▶ **Problem statement**
Write the full listing out again, word for word, but omit the pictures.

▶ **Collected material**
____
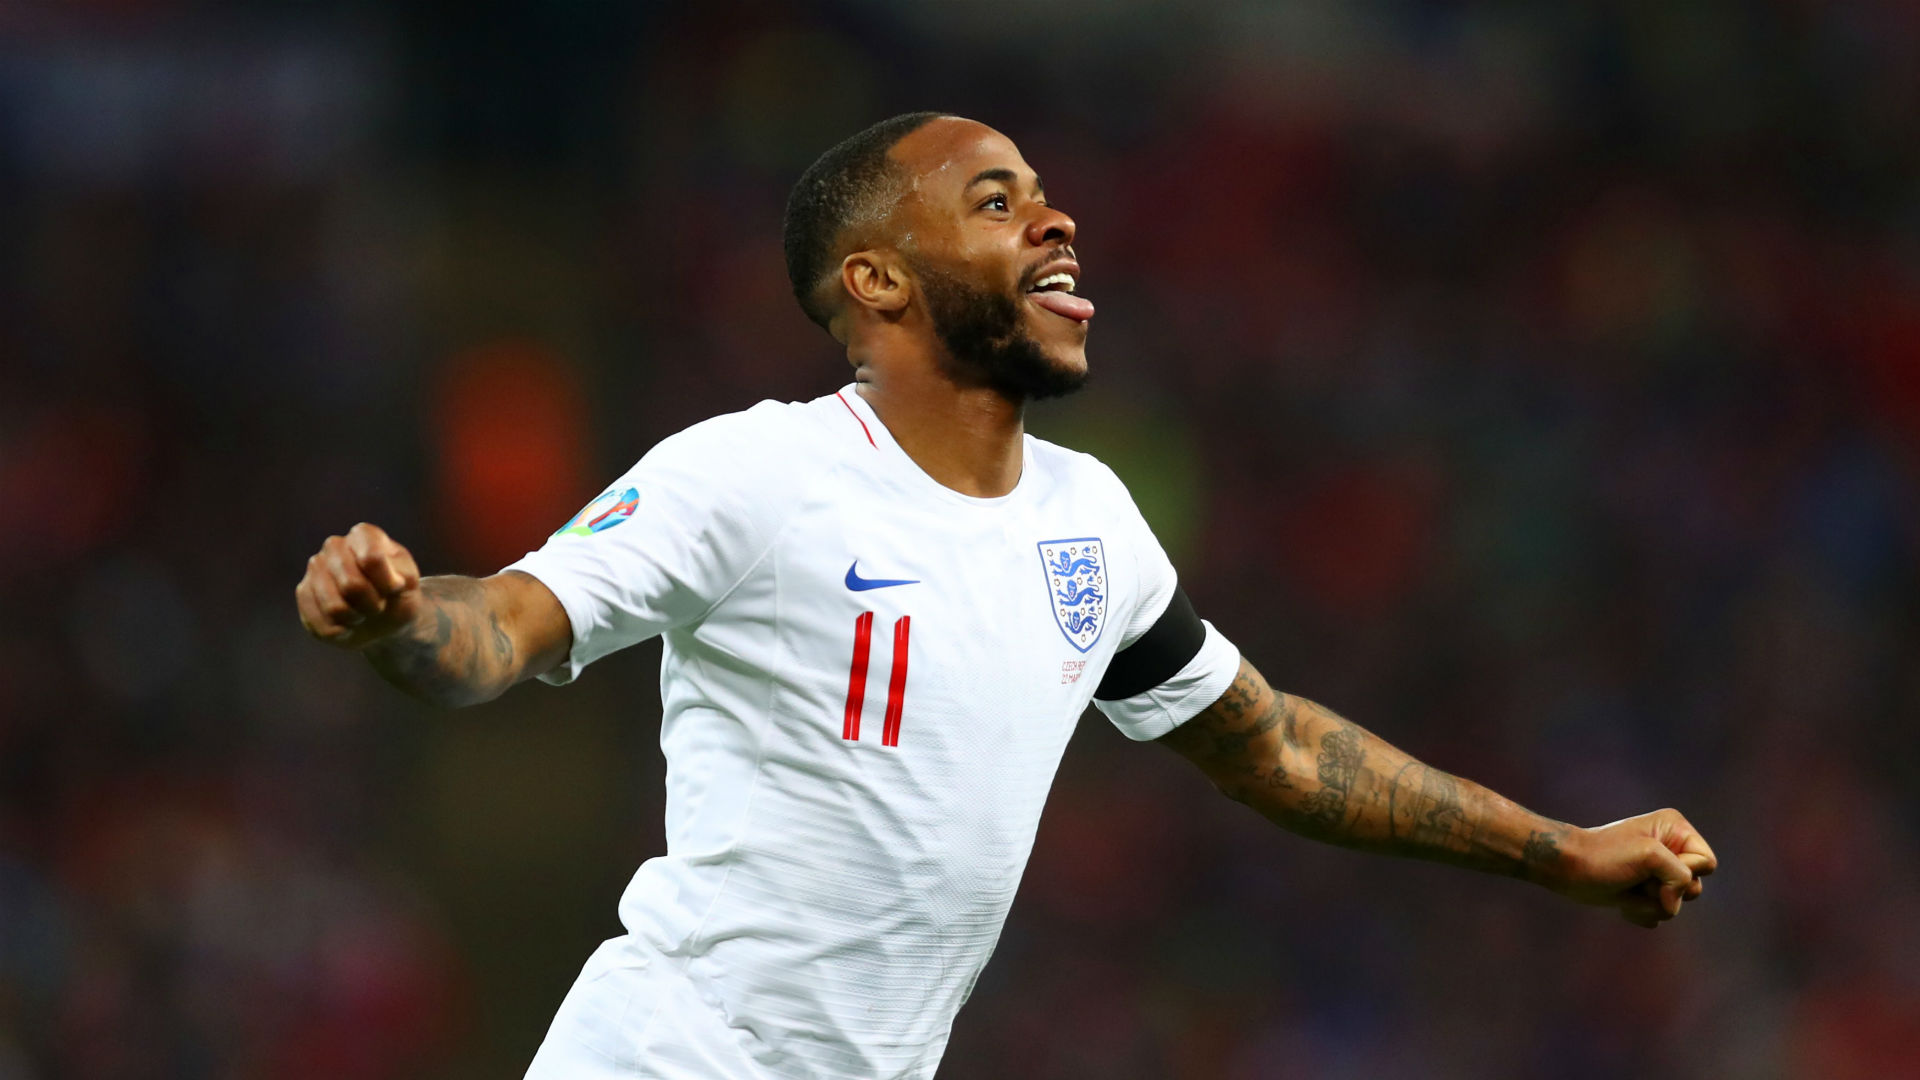 Raheem Sterling's maturity has seen him promoted to England's leadership group and Gareth Southgate says he could one day captain the team.
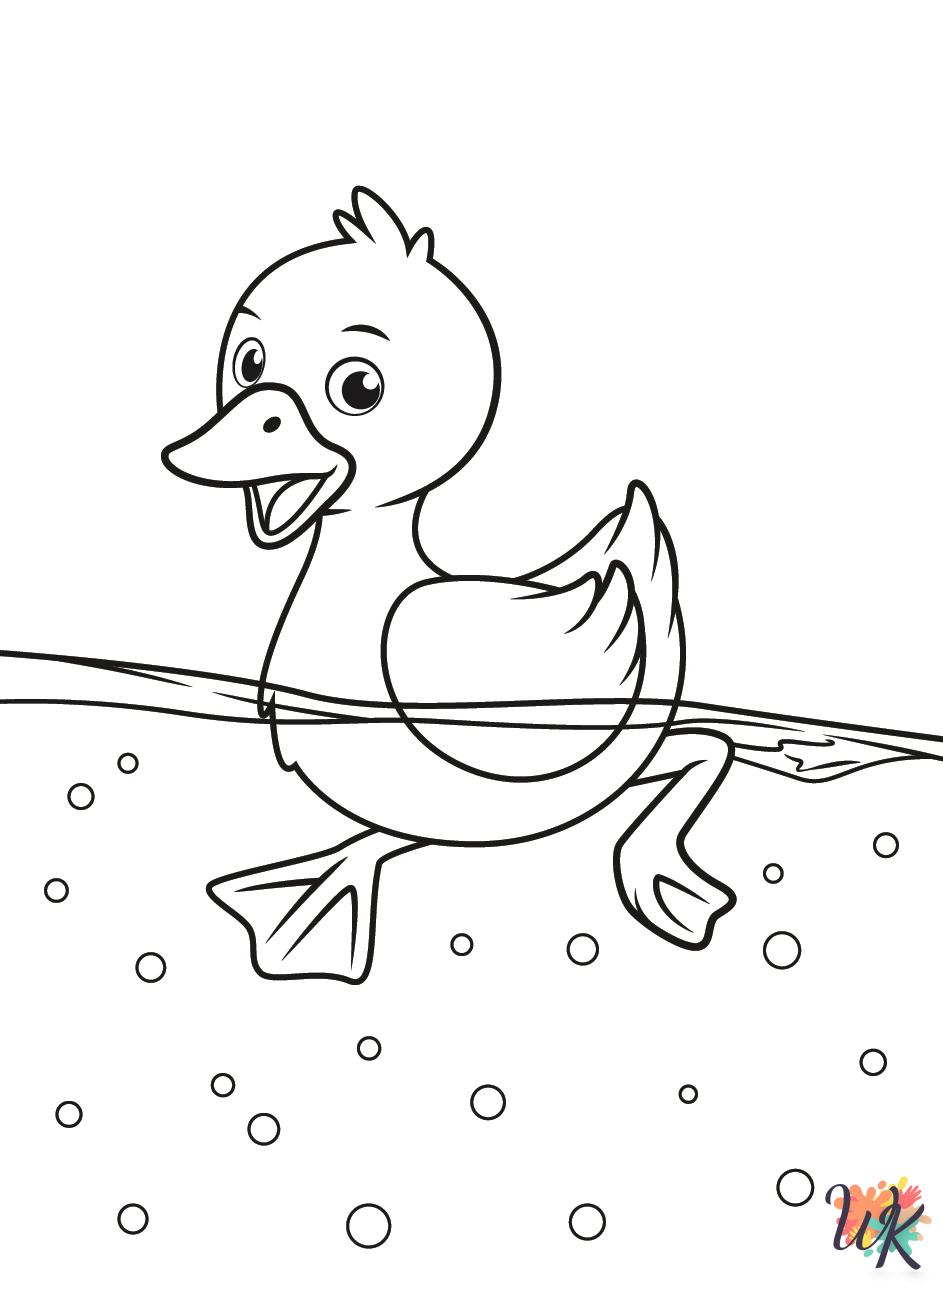 Ducks printable coloring pages
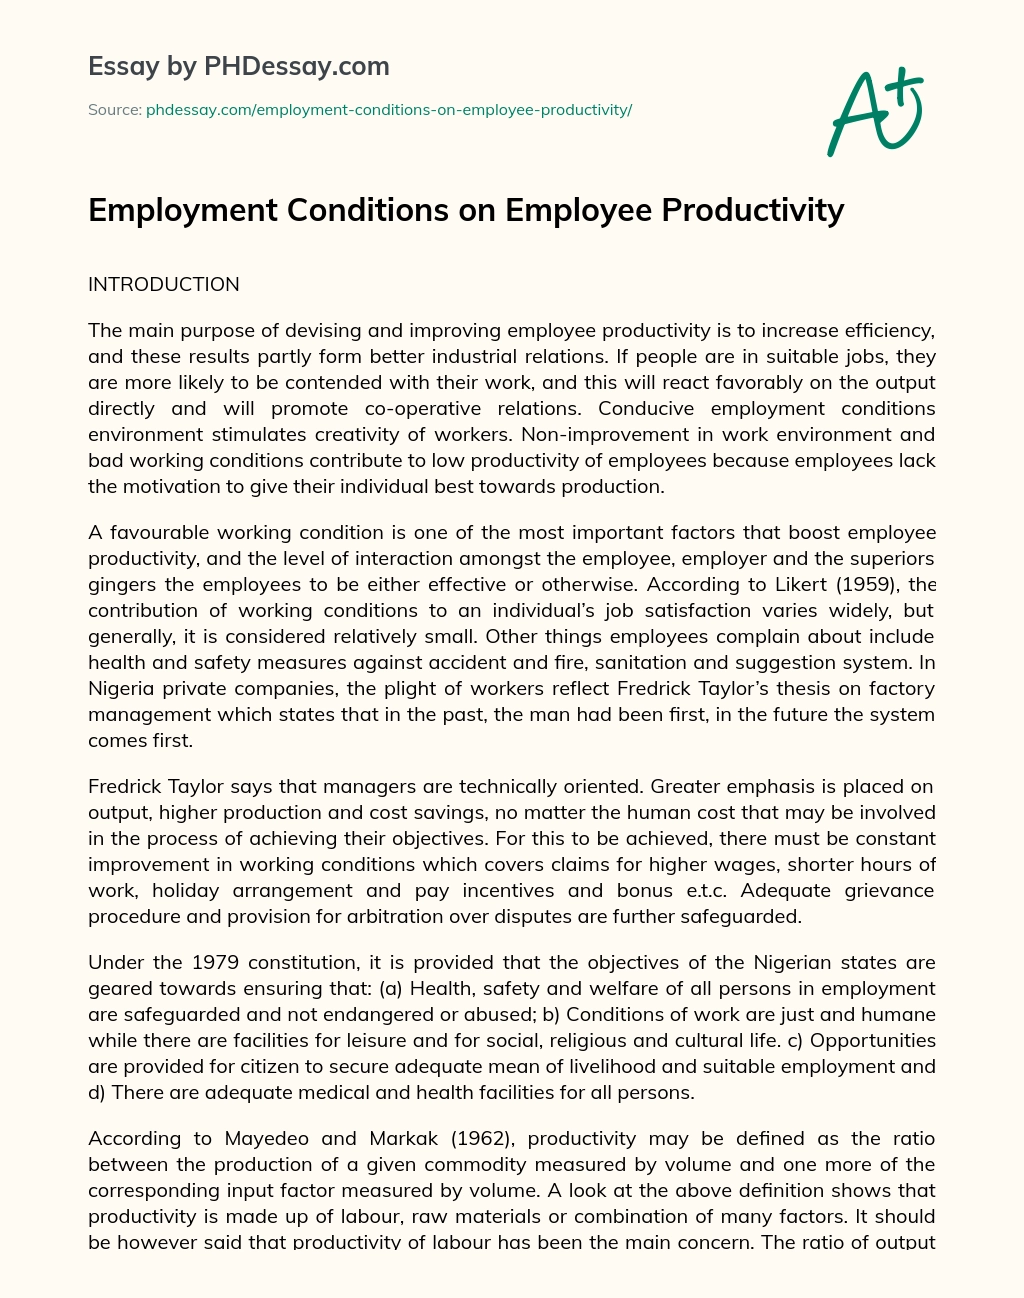 Employment Conditions on Employee Productivity essay
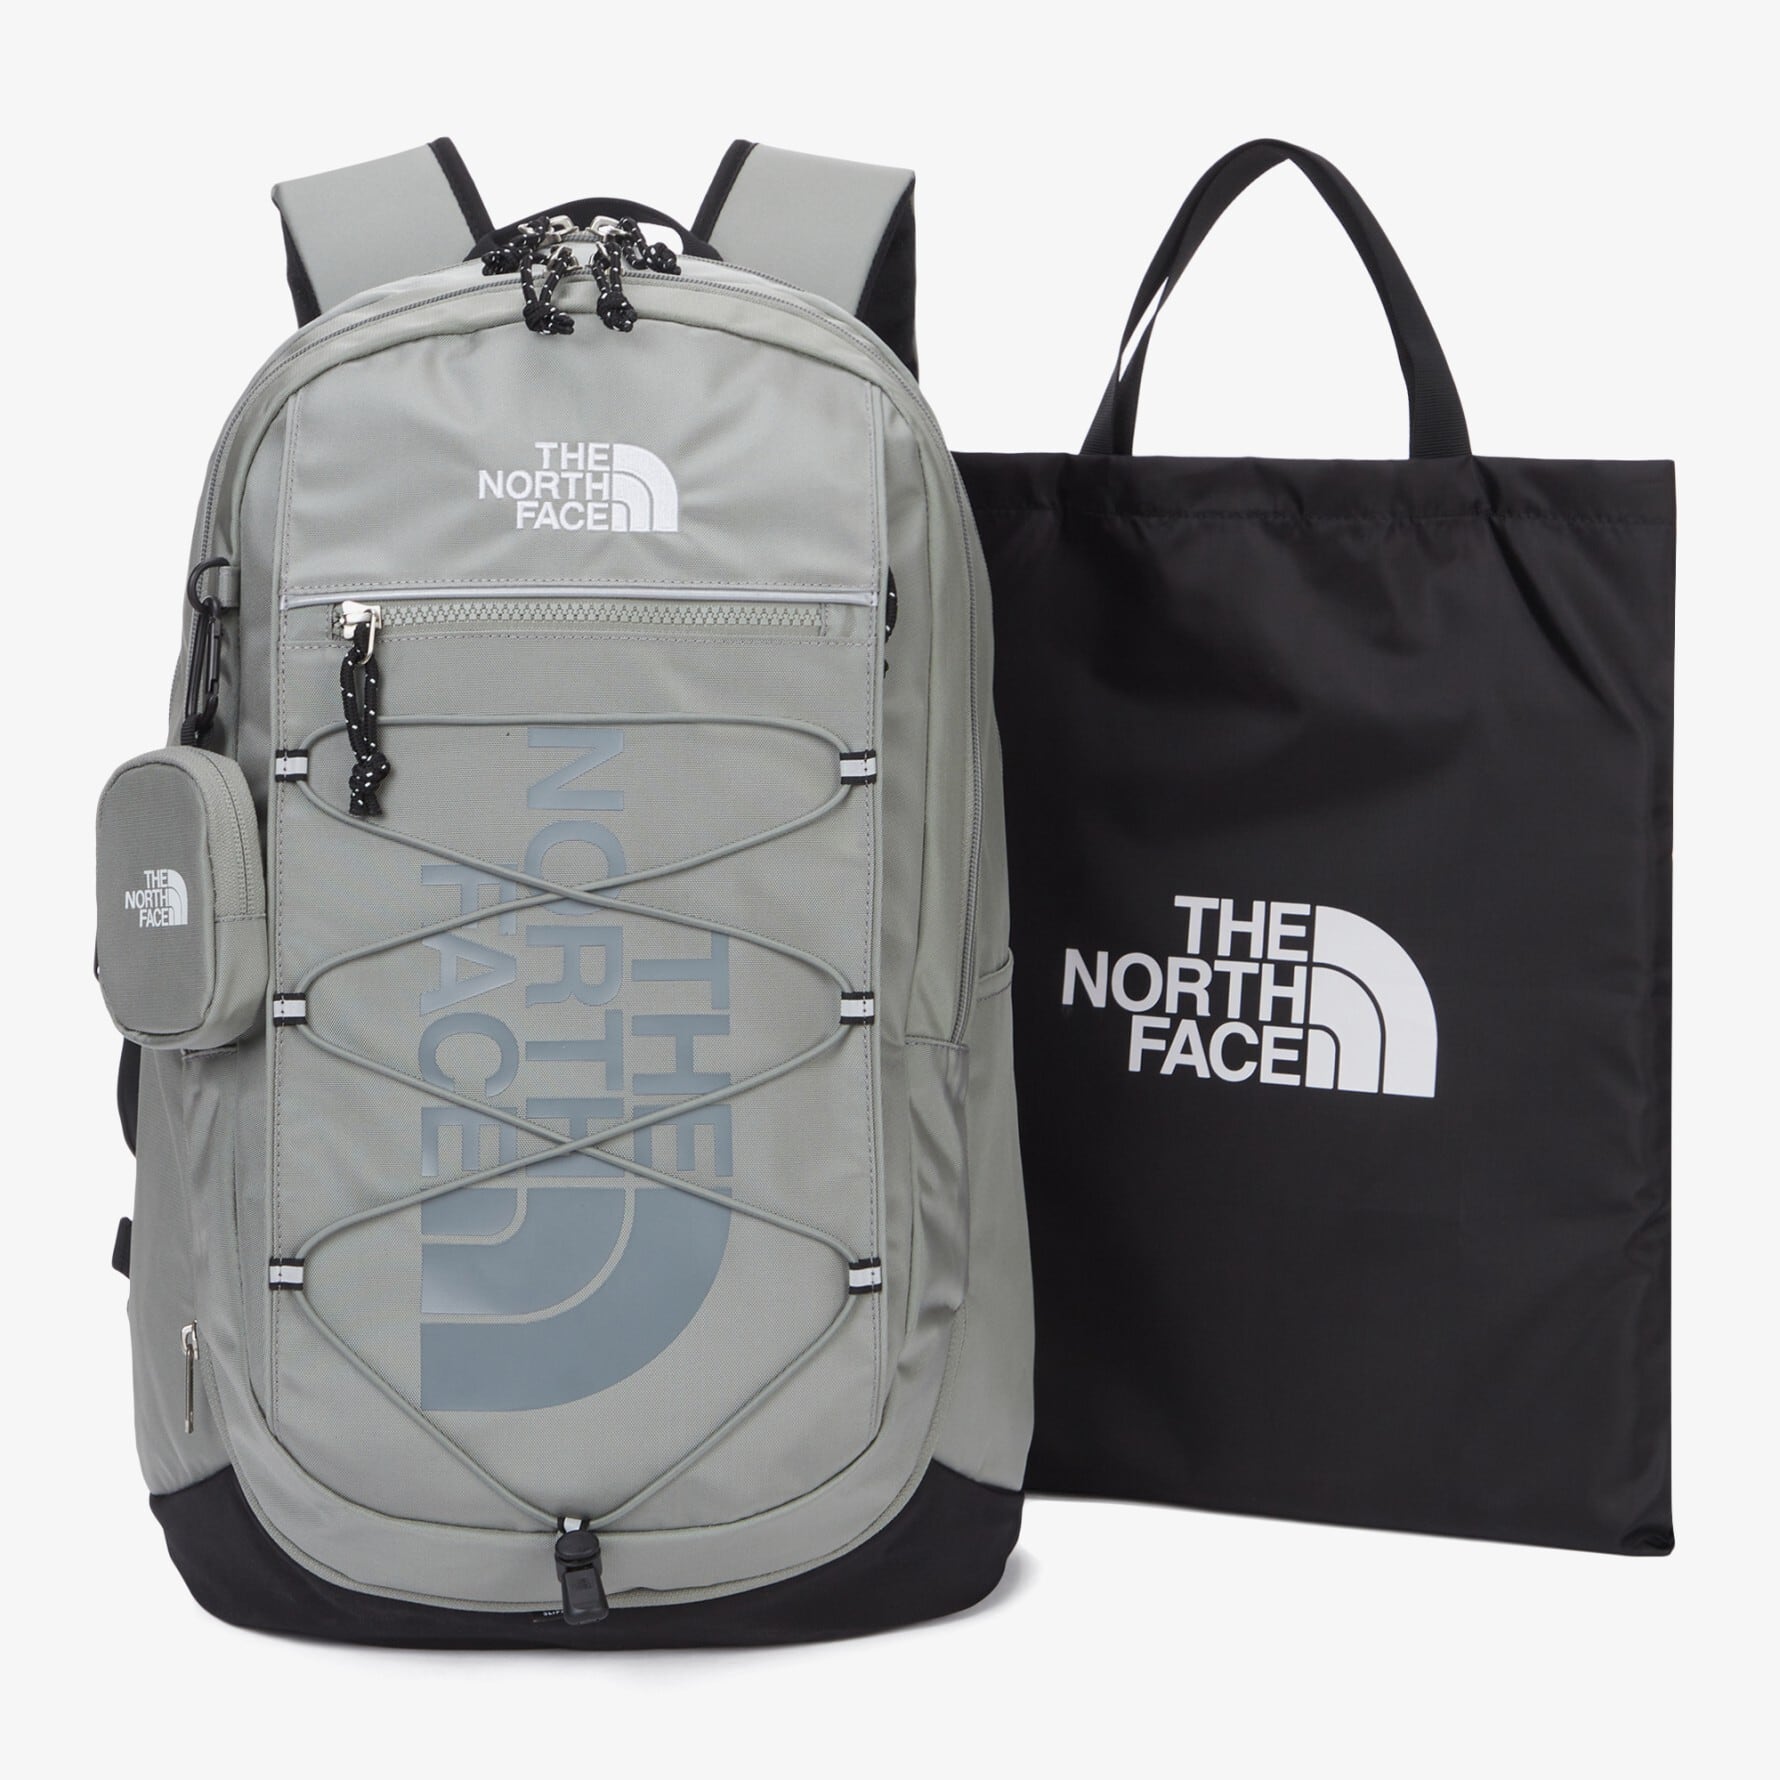 THE NORTHFACE SUPER PACK 30L
____
▶ **Response to this exercise**
 Raheem Sterling's maturity has seen him promoted to England's leadership group and Gareth Southgate says he could one day captain the team.
 Ducks printable coloring pages
 Employment Conditions on Employee Productivity essay
 THE NORTHFACE SUPER PACK 30L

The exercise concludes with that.